> Brief
Below is a listing to repeat exactly, with its pictures left out.

> Data excerpt
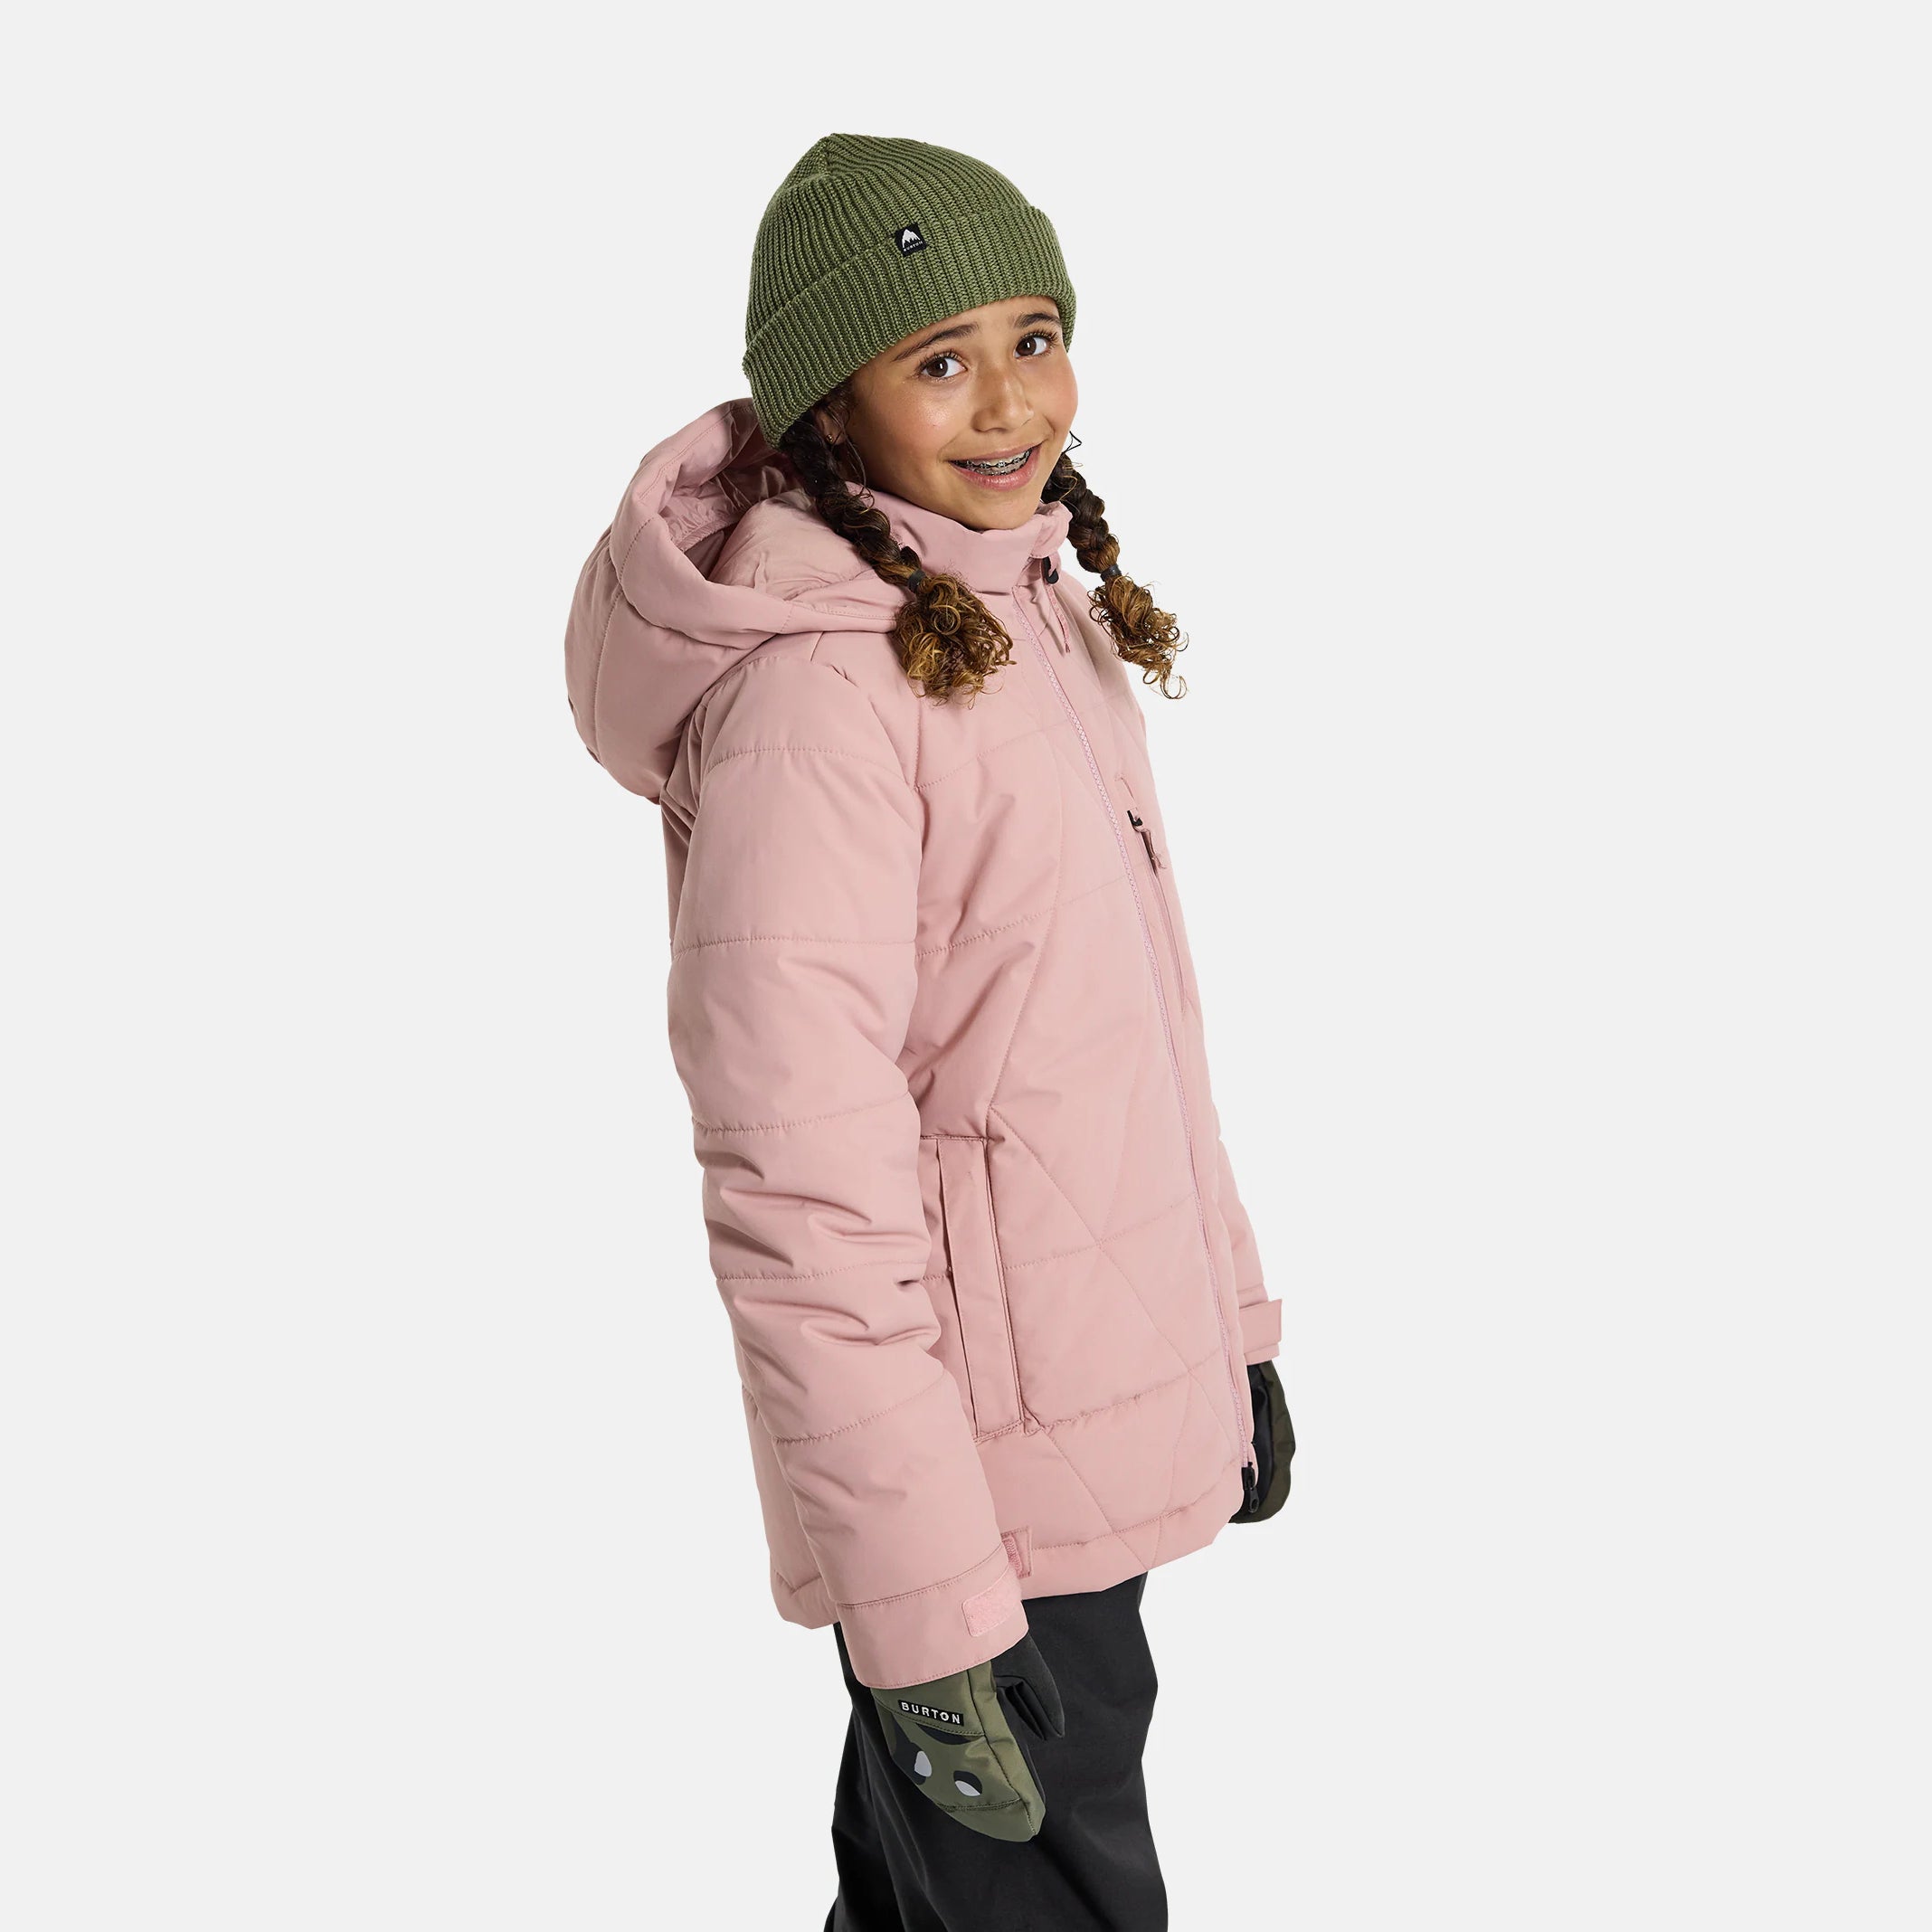 Girls Pink Snow Jacket
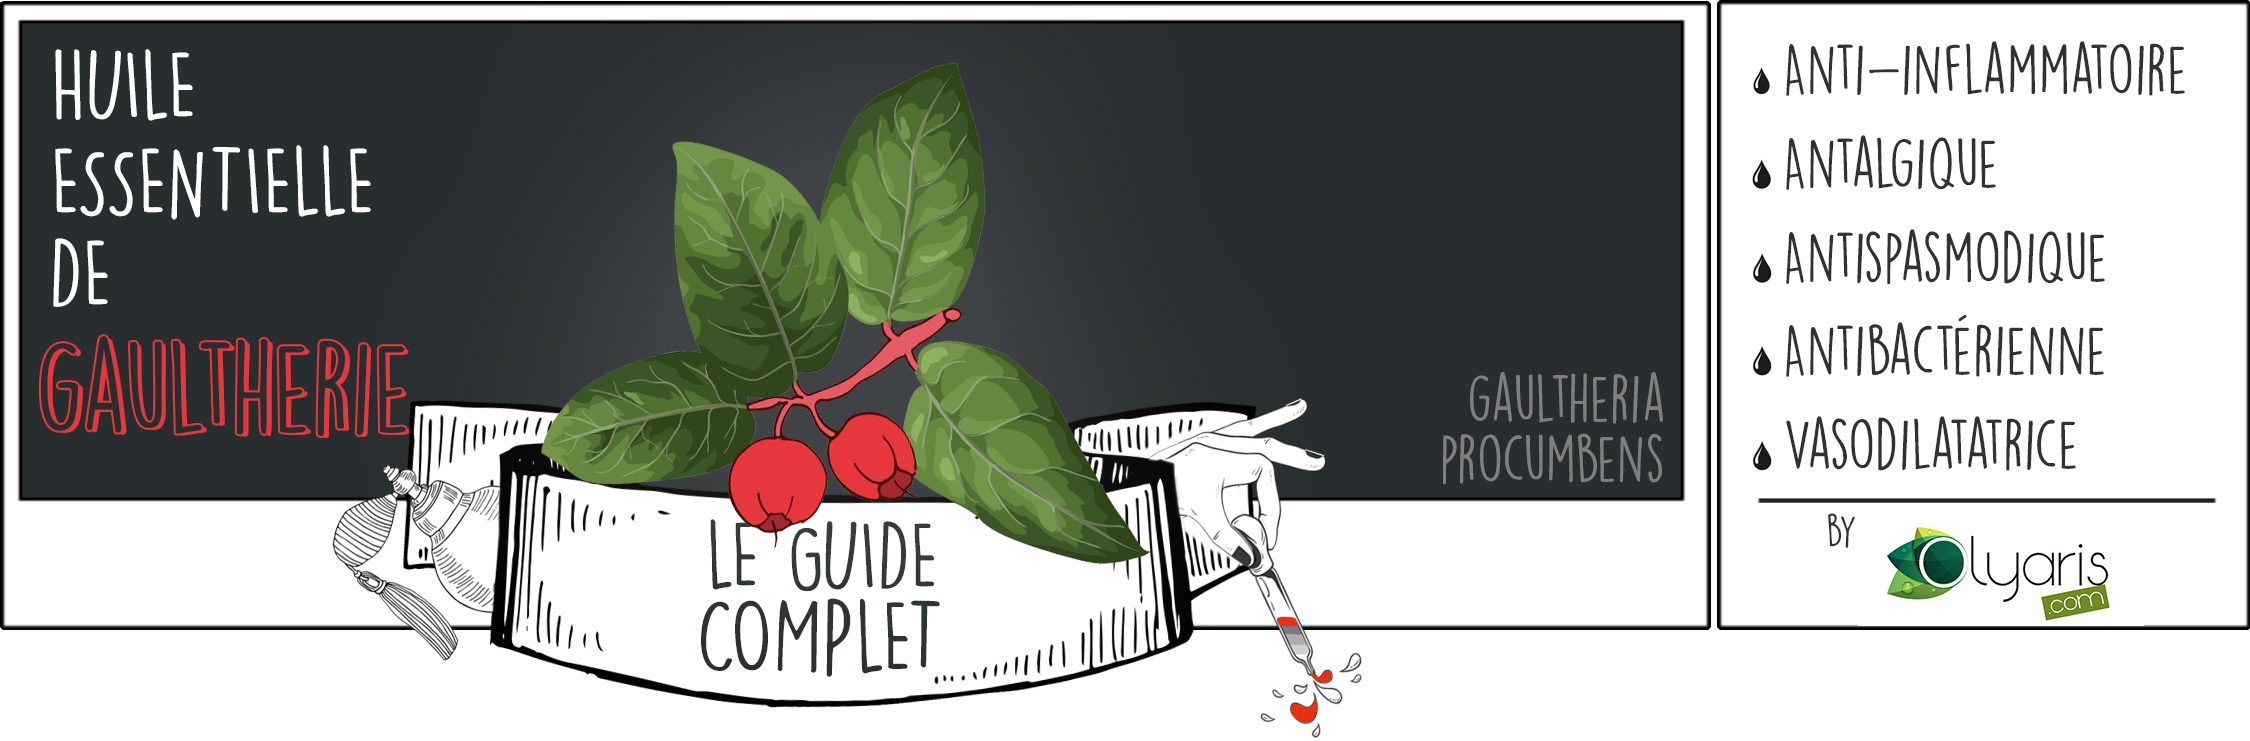 Huile Essentielle de Gaulthérie : le Guide Complet par Olyaris
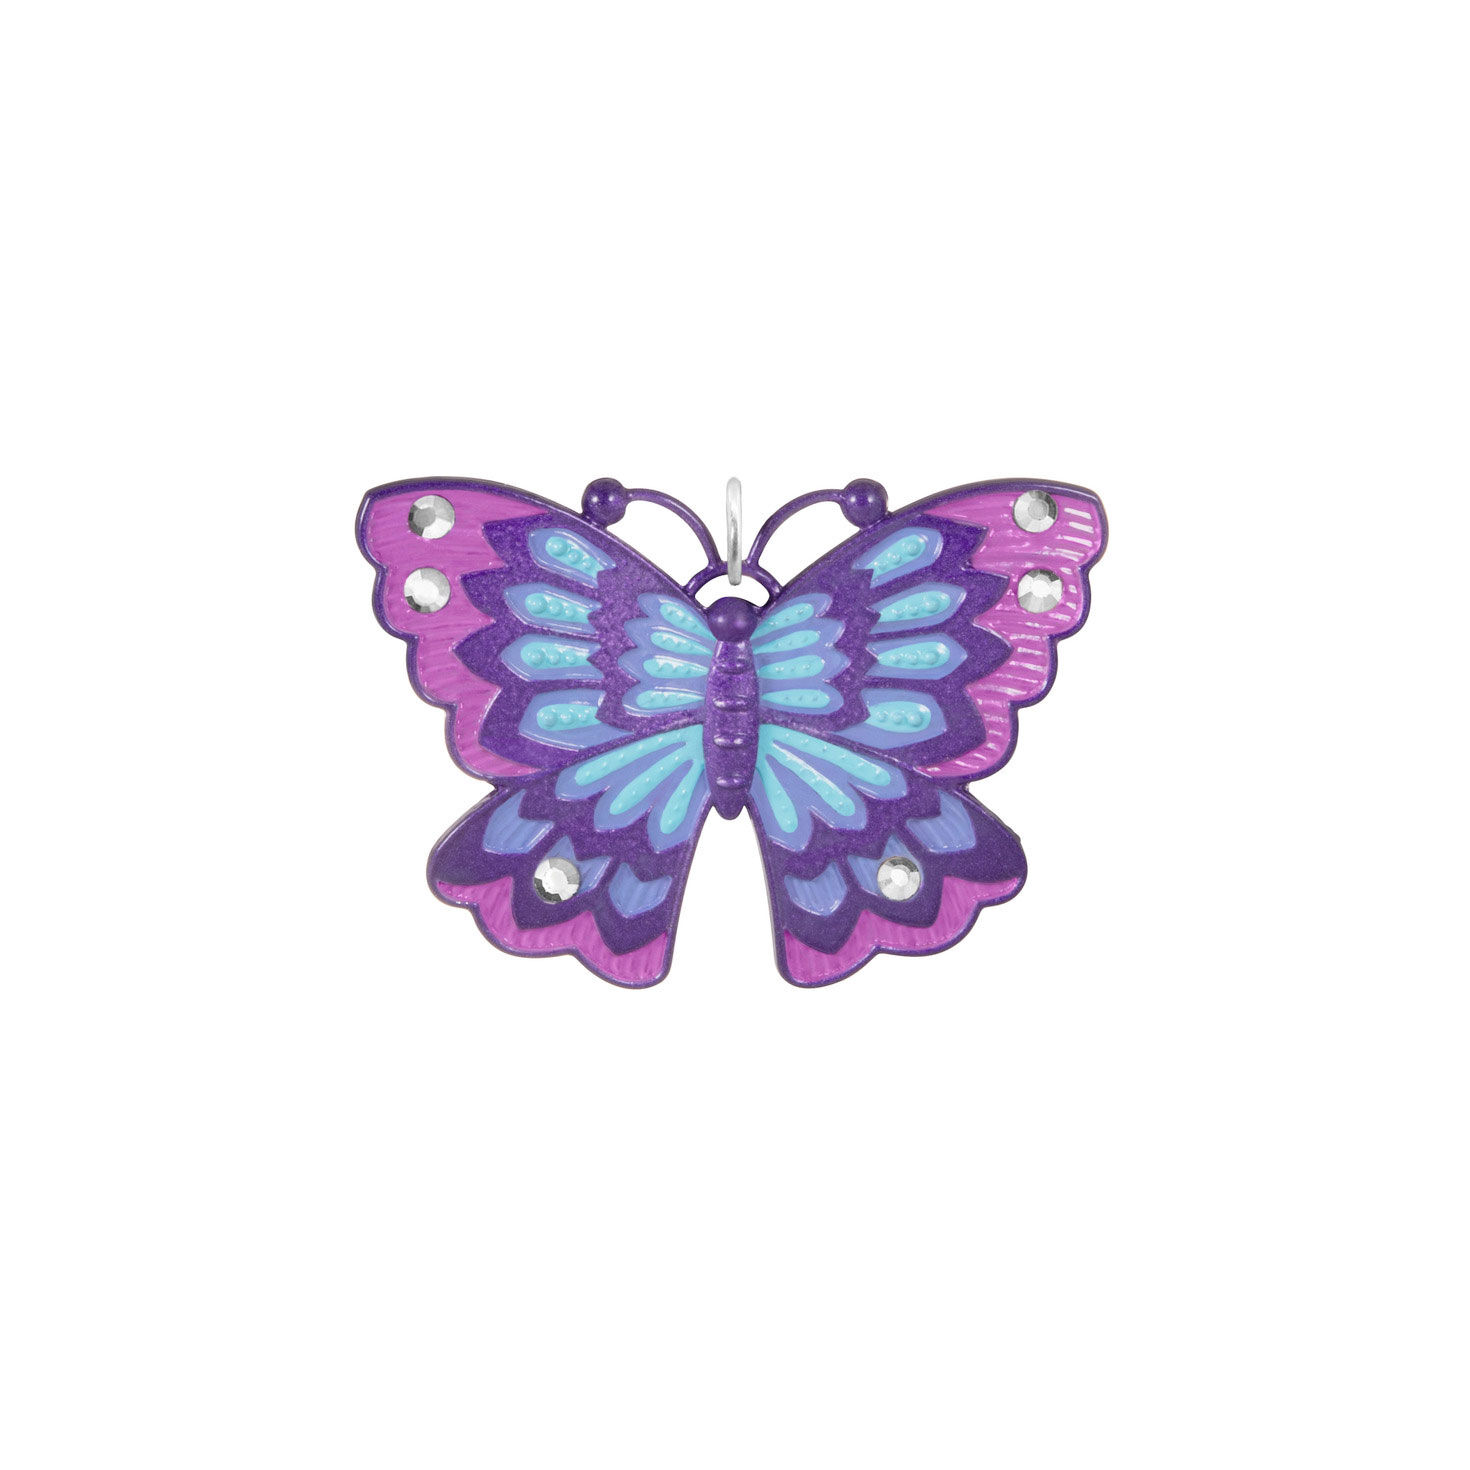 Butterfly Tumbler, Blue Purple Butterfly Gift, Butterfly Drinking

> Result
 Girls Pink Snow Jacket
 Huile Essentielle de Gaulthérie : le Guide Complet par Olyaris
 Butterfly Tumbler, Blue Purple Butterfly Gift, Butterfly Drinking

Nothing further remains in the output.